Thanks to Cilium and Gateway API we can have an installation of Services that do not require Ingress Controllers or MetalLB. Note that from now on all the actions in the cluster will be performed using GitOps and organizing/pushing yamls into the GitOps Repository.

I wont go here in much detail about the role-oriented nature of Gateway API, but let's say that we will build some generic or more static components that can be used by all services, and then each application that we install will only need a small and simple HTTPRoute object to function.

The GatewayClass is something we already created when we installed Cilium, in this case our GatewayClass will be Cilium.

CiliumLoadBalancerIPPool and CiliumL2AnnouncementPolicy

This Cilium objects are used to ensure a Pool of external IPs on our Home-Server, they work by attaching an IP to a Pool and then use ARP over the physical network interfaces.
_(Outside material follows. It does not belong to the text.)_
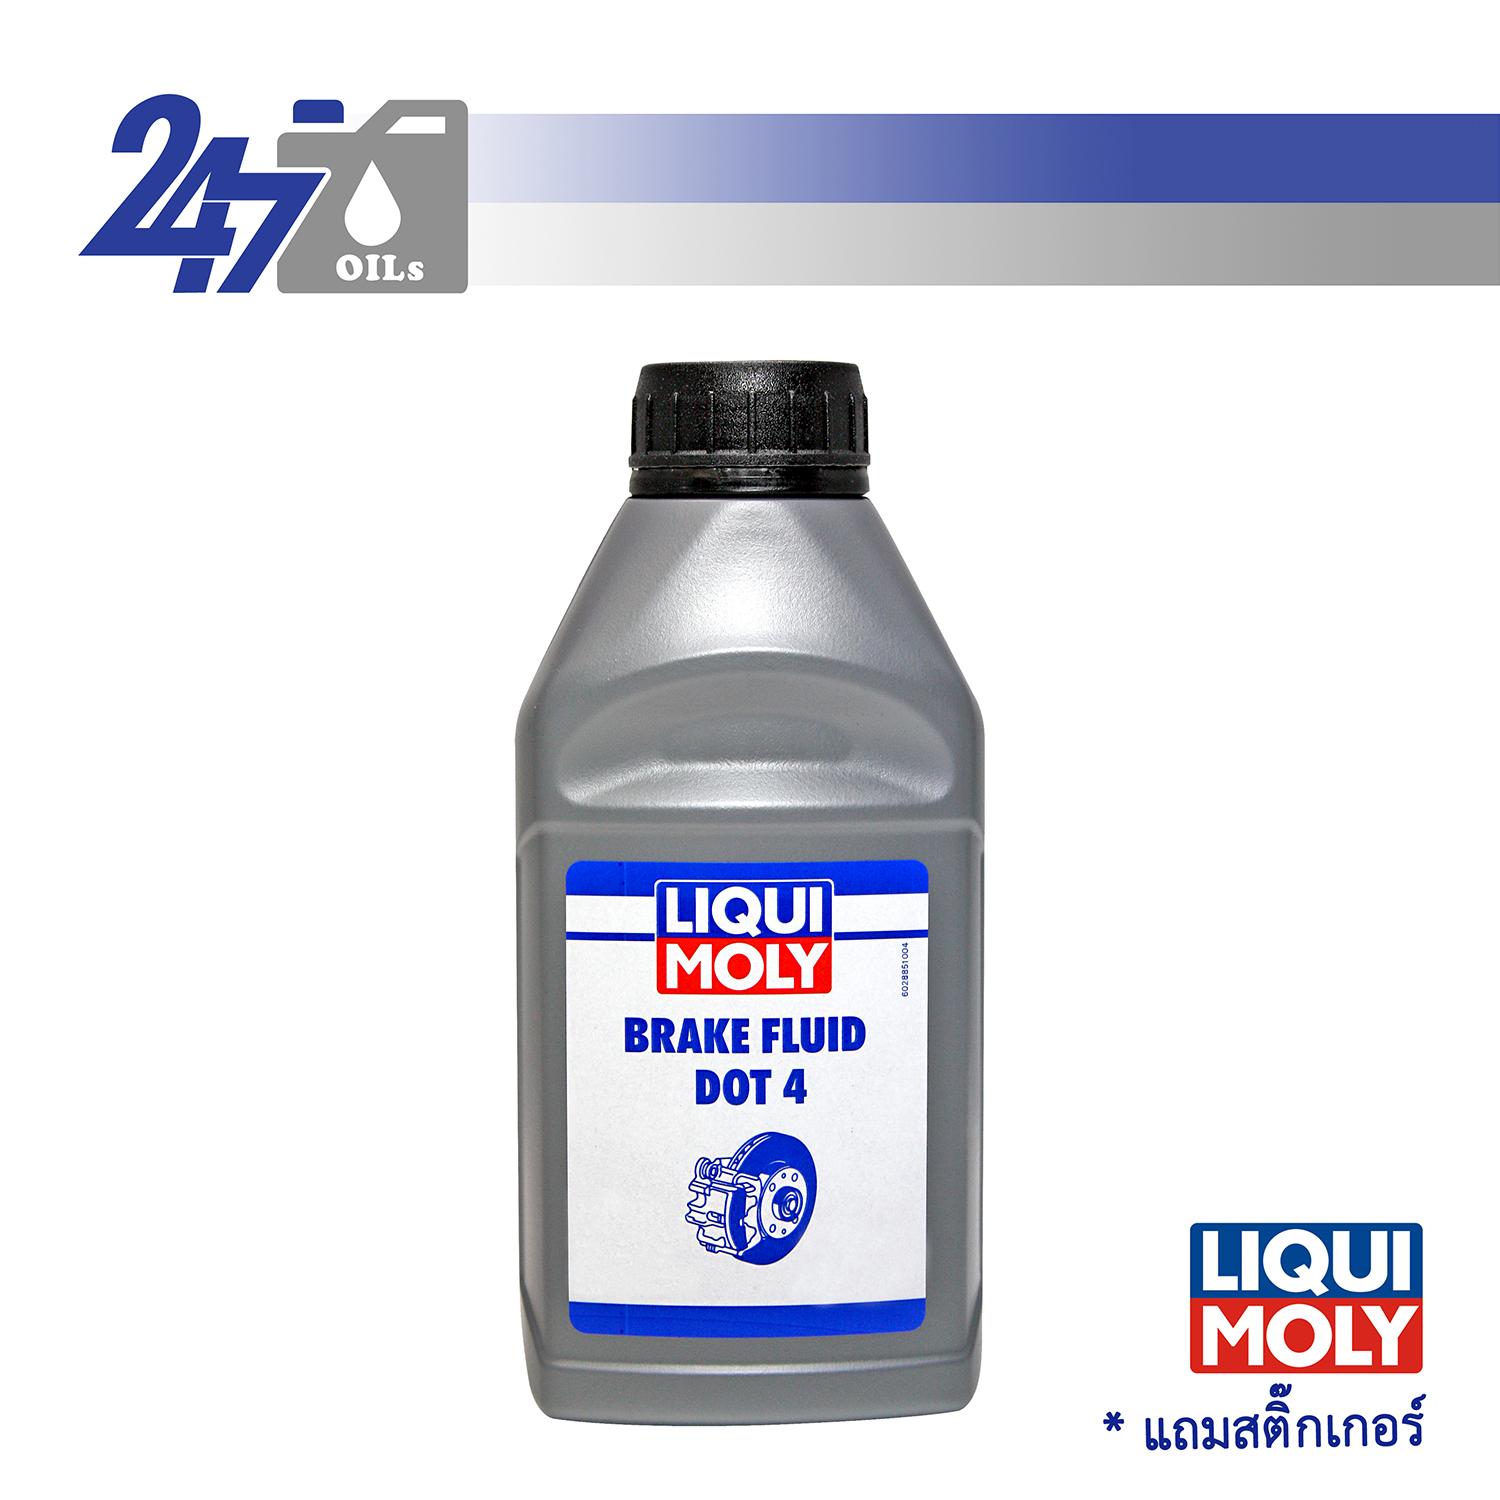 LIQUI MOLY น้ำมันเบรค Brake Fluid DOT 4 ขนาด 500 ml.

Note that I have used a refex to configure the ARP advertisement. BGP is also supported by Cilium but that would be overkill for my small home setup.

apiVersion: "cilium.io/v2alpha1"
kind: CiliumLoadBalancerIPPool
metadata:
  name: bacterio-ip-pool
  namespace: kube-system
spec:
  cidrs:
  - cidr: "10.9.8.13/32"
---
apiVersion: "cilium.io/v2alpha1"
kind: CiliumL2AnnouncementPolicy
metadata:
  name: bacterio-l2advertisement-policy
  namespace: kube-system
spec:
  interfaces:
    - ^enx+ # host interface regex
  externalIPs: true
  loadBalancerIPs: true

Gateway

The Gateway objects listens on the external IP address that we reserved in the previos step and listens on port 80 and 443, doing TLS offloading. For tls it consumes a wildcard certificate managed by cert-manager. This Gateway will be used for all the Workloads in my server that needs HTTP or HTTPS access.

apiVersion: gateway.networking.k8s.io/v1
kind: Gateway
metadata:
  name: bacterio-gw
  namespace: default
spec:
  gatewayClassName: cilium
  addresses:
    - value: "10.9.8.13"
  listeners:
    - name: bacterio-http
      port: 80
      protocol: HTTP
    - name: bacterio-https
      port: 443
      protocol: HTTPS
      hostname: "*.carles.cc"
      tls:
        mode: Terminate
        certificateRefs:
        - kind: Secret
          name: wildcard-carlescc
      allowedRoutes:
        namespaces:
          from: All

Example of an HTTPRoute

The HTTPRoute object is just the nex between the Service of our application and the Gateway and is a very simple object, here I provide an example of the HTTPRoute I configured for my RSS server (miniflux). Basically we specify the Gateway we want to use as the Parent, the Service as the backendRef and the hostname we want to use for our application.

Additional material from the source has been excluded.